● **Data**
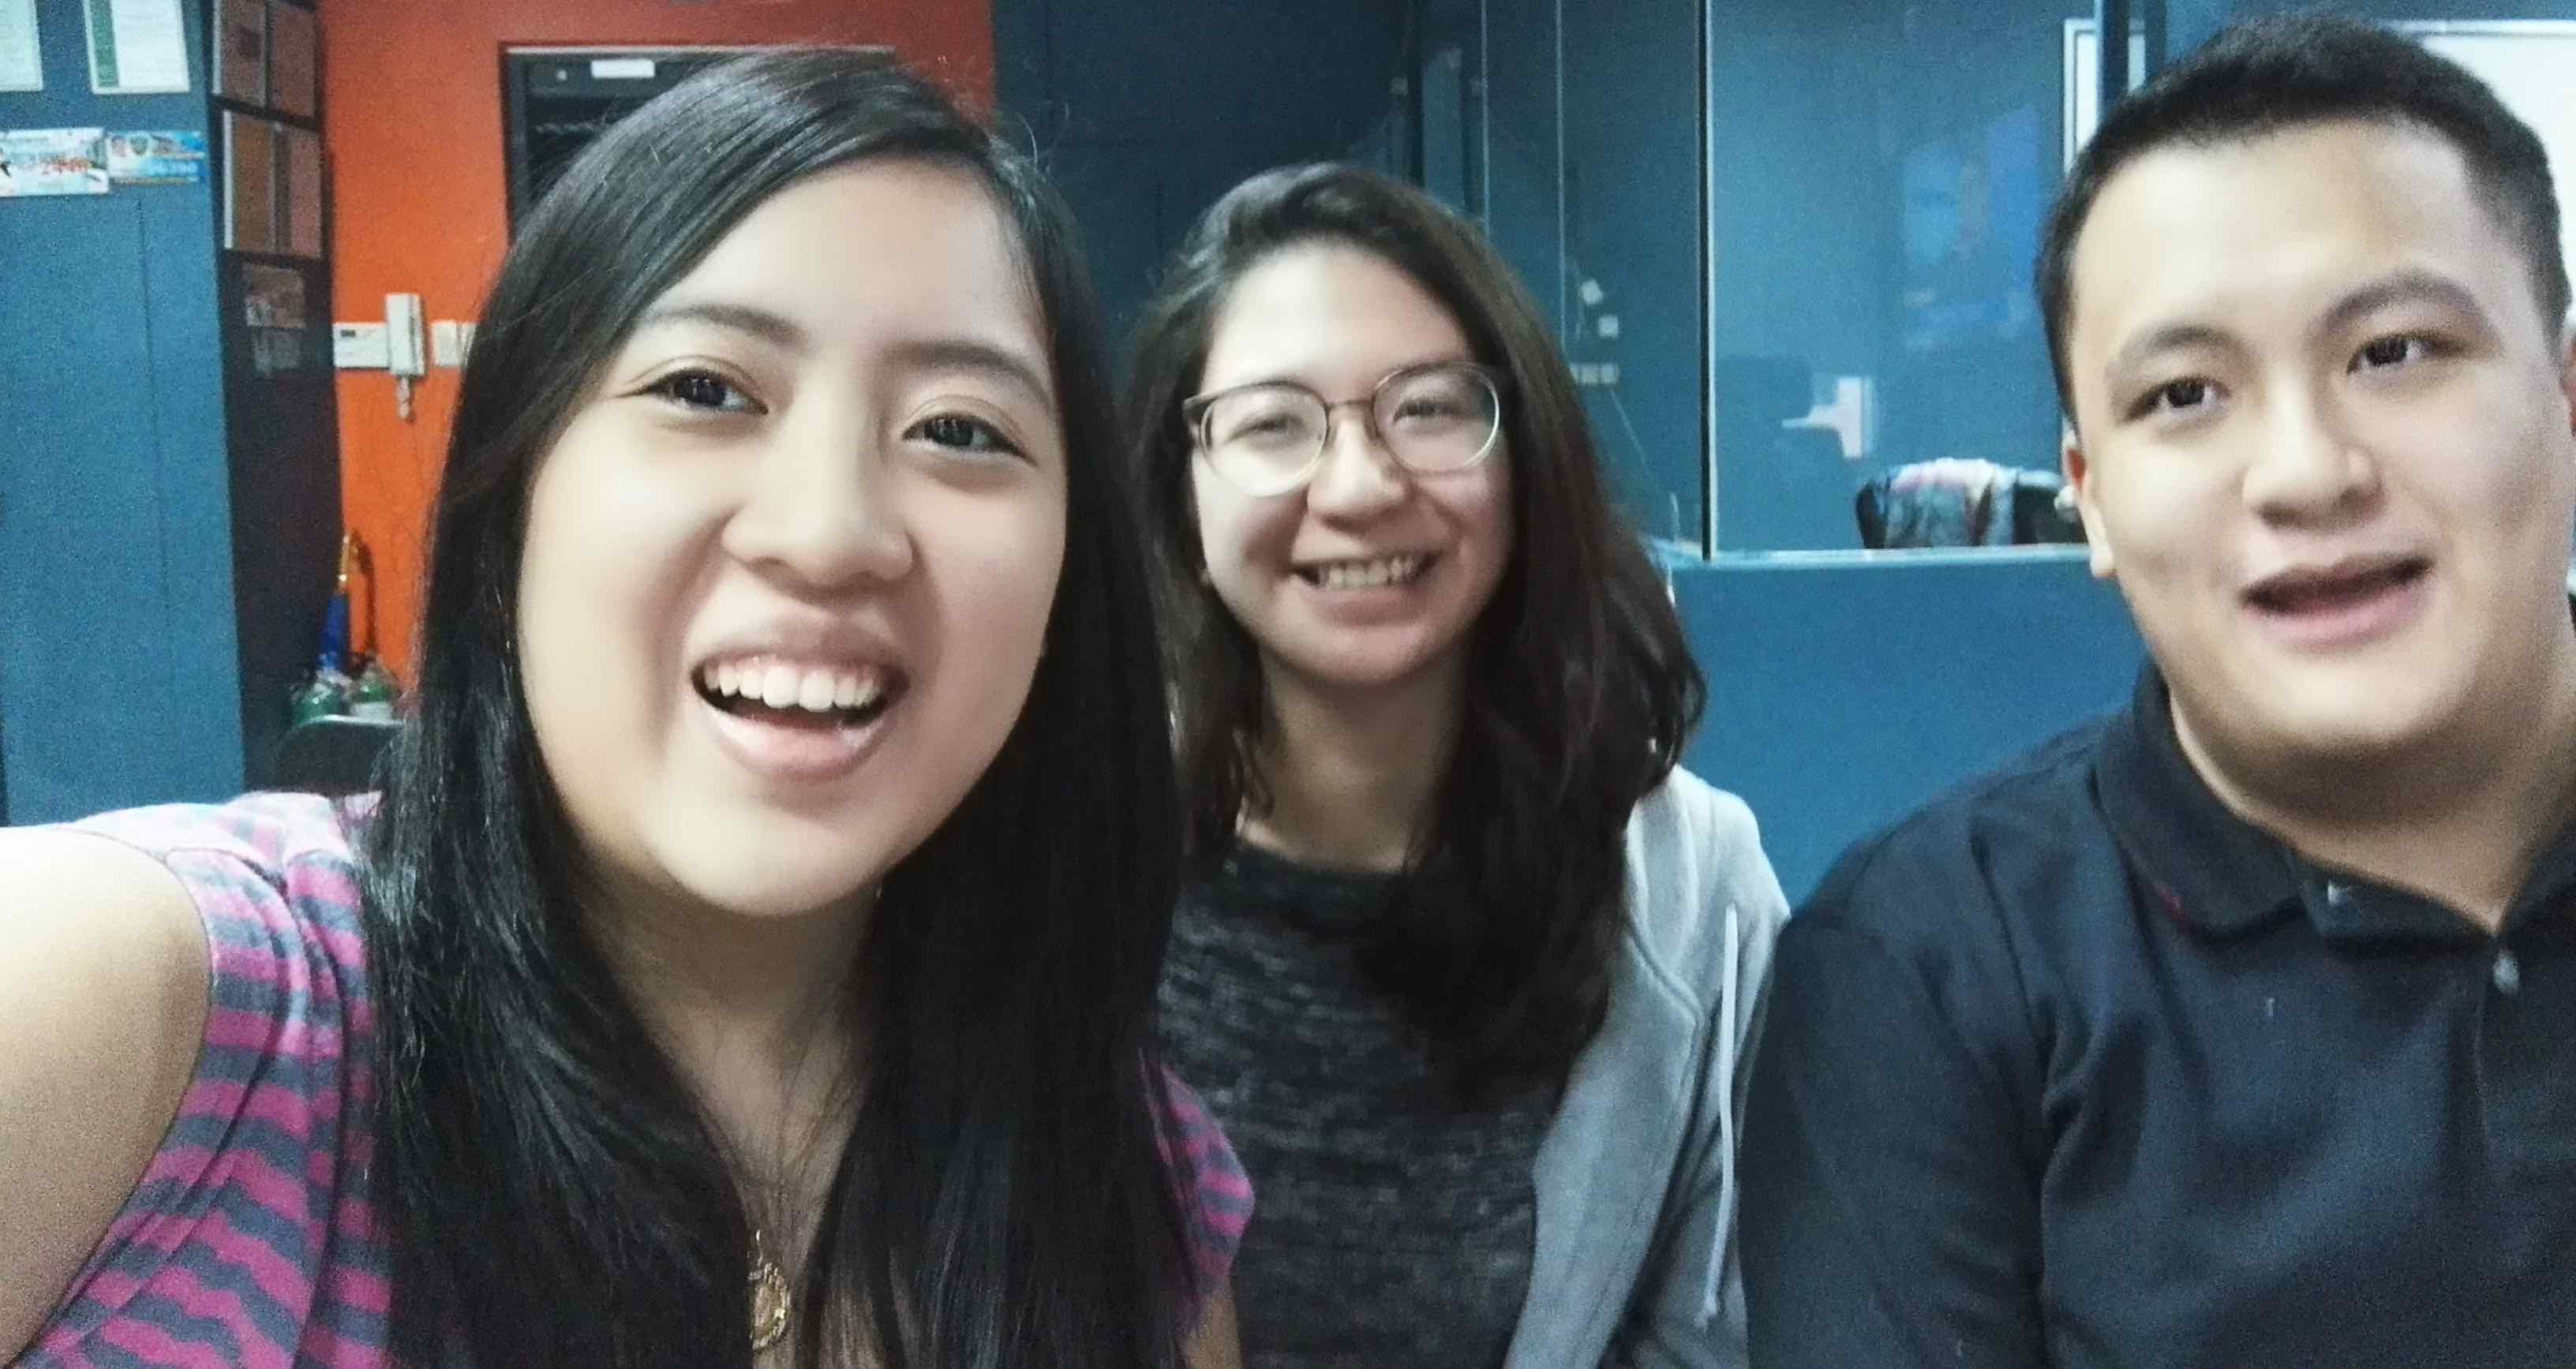 WORKING IT. A selfie with workmates taken using Beauty mode with no filter.  
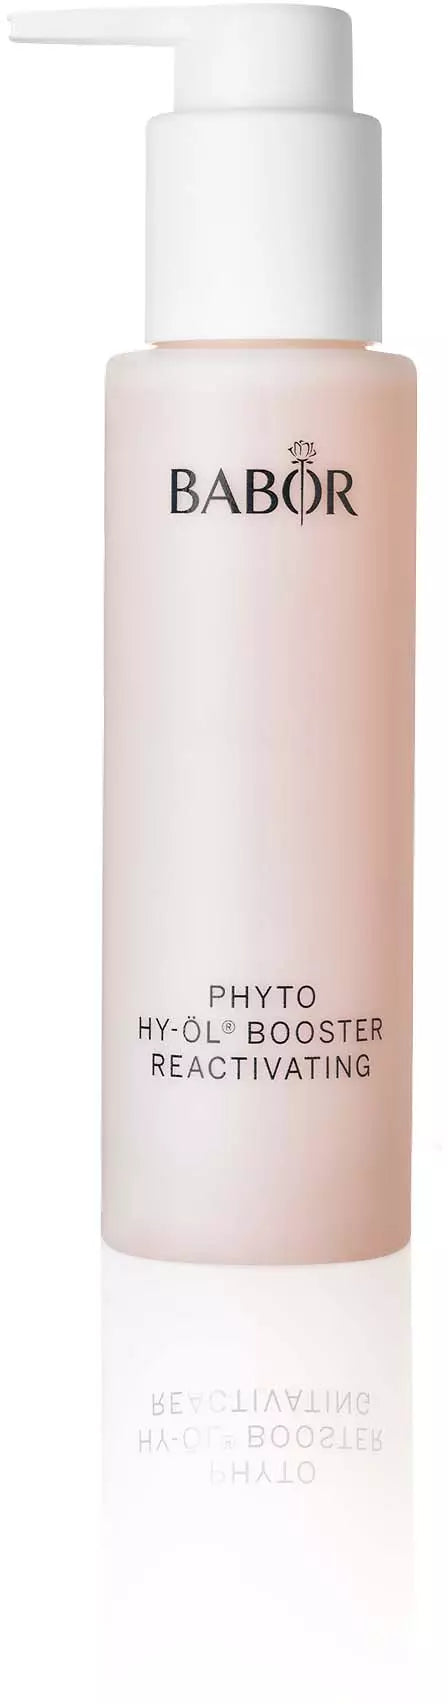 Babor Phyto HY-Øl Booster Reactivating
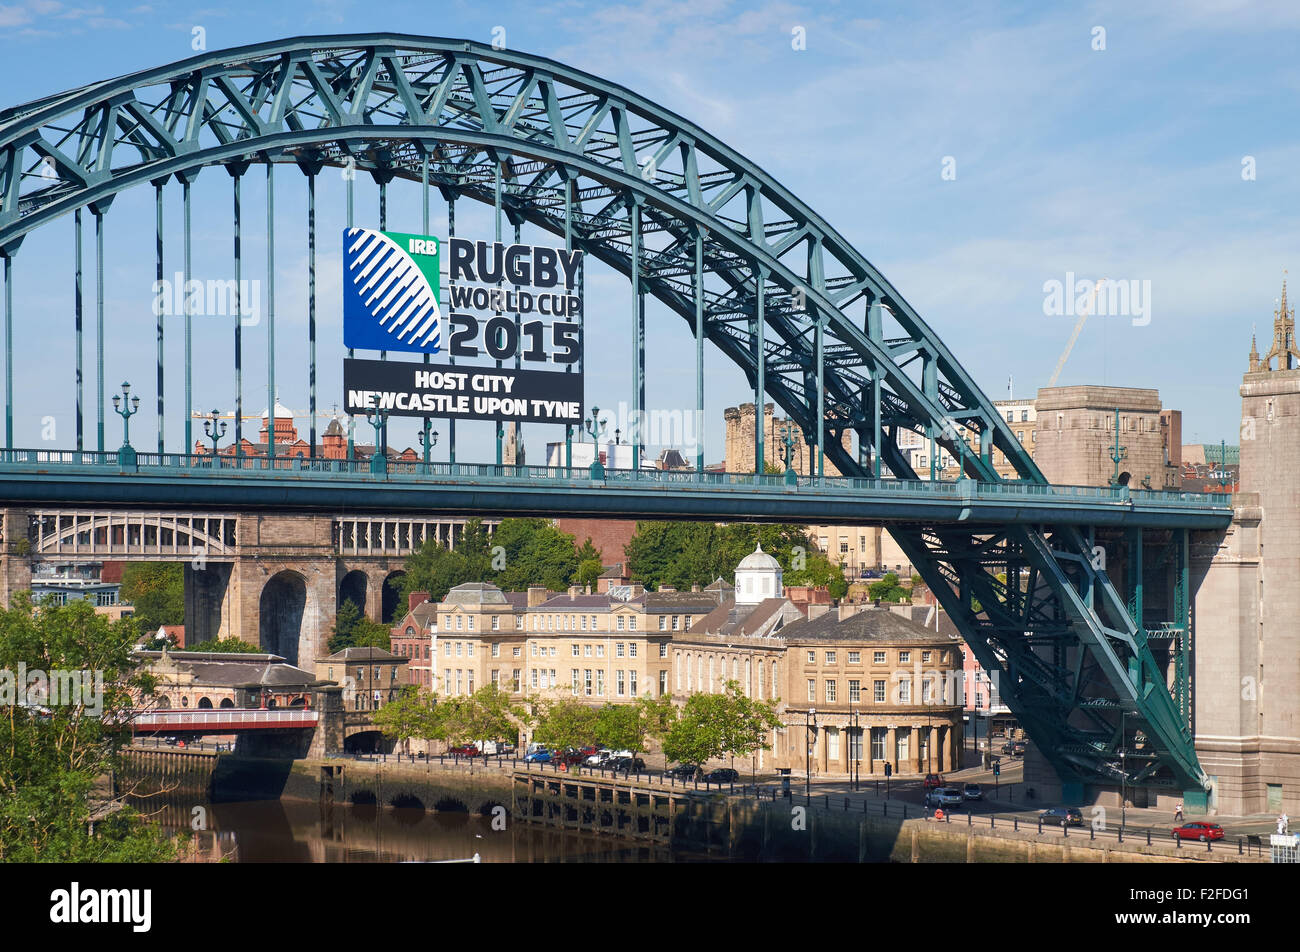 Rugby World Cup 2015 hosts sign on the Tyne Bridge, Newcastle Upon Tyne, UK. Stock Photo

● **Directions**
Only the pictures are to be left out; copy all the remaining material above exactly.

● **Answer box**
 WORKING IT. A selfie with workmates taken using Beauty mode with no filter.  
 Babor Phyto HY-Øl Booster Reactivating
 Rugby World Cup 2015 hosts sign on the Tyne Bridge, Newcastle Upon Tyne, UK. Stock Photo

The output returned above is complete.